Pena Michelle J, Mischak Harald, Heerspink Hiddo J L
Department of Clinical Pharmacy and Pharmacology, University of Groningen, University Medical Center Groningen, P.O. Box 30.001, 9700 RB, Groningen, the Netherlands.
BHF Glasgow Cardiovascular Research Centre, University of Glasgow, Glasgow, UK.
Diabetologia. 2016 Sep;59(9):1819-31. doi: 10.1007/s00125-016-4001-9. Epub 2016 Jun 25.
The past decade has resulted in multiple new findings of potential proteomic biomarkers of diabetic kidney disease (DKD). Many of these biomarkers reflect an important role in the (patho)physiology and biological processes of DKD. Situations in which proteomics could be applied in clinical practice include the identification of individuals at risk of progressive kidney disease and those who would respond well to treatment, in order to tailor therapy for those at highest risk. However, while many proteomic biomarkers have been discovered, and even found to be predictive, most lack rigorous external validation in sufficiently powered studies with renal endpoints. Moreover, studies assessing short-term changes in the proteome for therapy-monitoring purposes are lacking. Collaborations between academia and industry and enhanced interactions with regulatory agencies are needed to design new, sufficiently powered studies to implement proteomics in clinical practice.
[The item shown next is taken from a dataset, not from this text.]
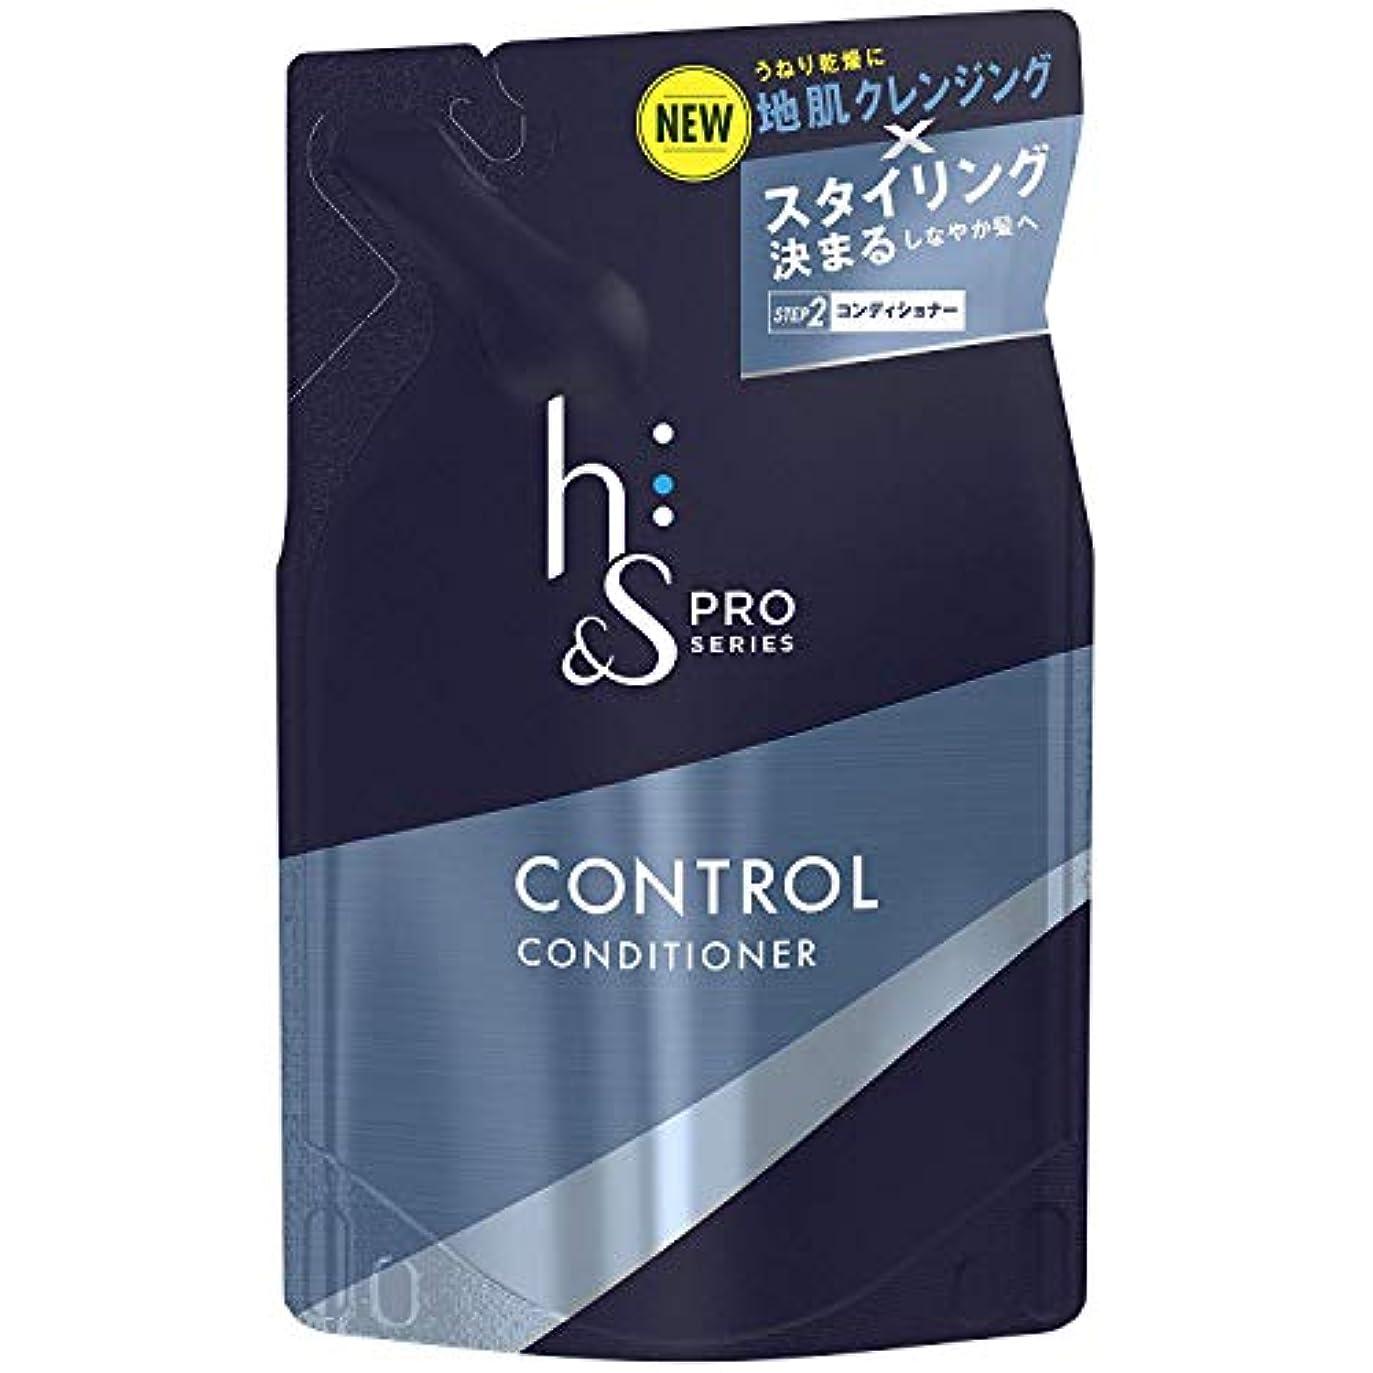 【3個セット】h&s PRO (エイチアンドエス プロ) メンズ コンディショナー コントロール 詰め替え (スタイリング重視) 300g
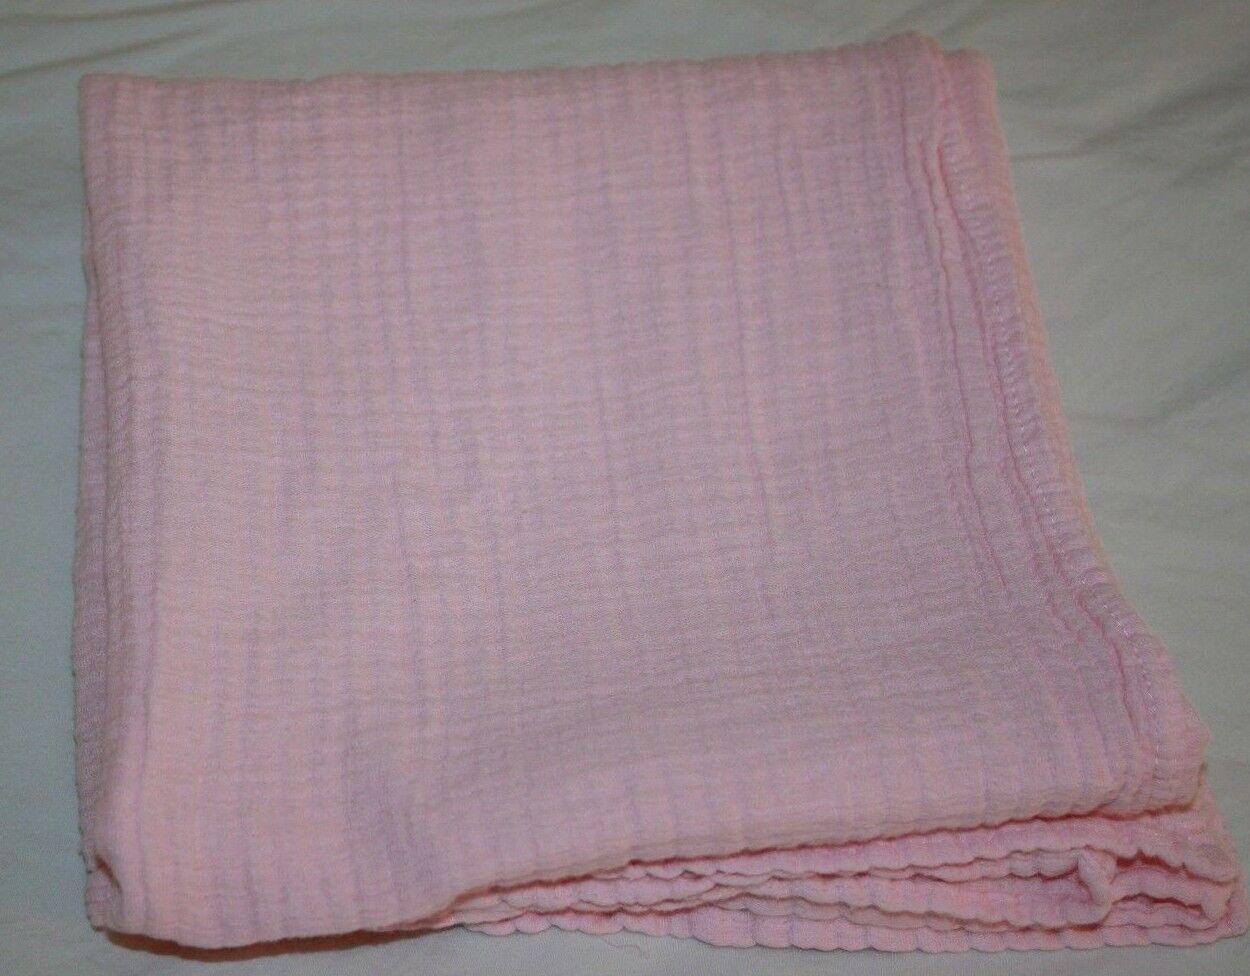 Koala Baby GIRLS Cotton Baby Receiving Blanket PINK MUSLIN Gauze Swaddling Lovey - $17.32

在过去十年中,已发现多个糖尿病肾病(DKD)潜在蛋白质组学生物标志物的新成果。其中许多生物标志物在DKD的(病理)生理学和生物学过程中发挥着重要作用。蛋白质组学可应用于临床实践的情况包括识别有进展性肾病风险的个体以及对治疗反应良好的个体,以便为风险最高的个体量身定制治疗方案。然而,尽管已发现许多蛋白质组学生物标志物,甚至发现它们具有预测性,但大多数在有足够样本量且以肾脏终点为指标的研究中缺乏严格的外部验证。此外,缺乏用于治疗监测目的、评估蛋白质组短期变化的研究。学术界和产业界需要开展合作,并加强与监管机构的互动,以设计新的、有足够样本量的研究,从而在临床实践中应用蛋白质组学。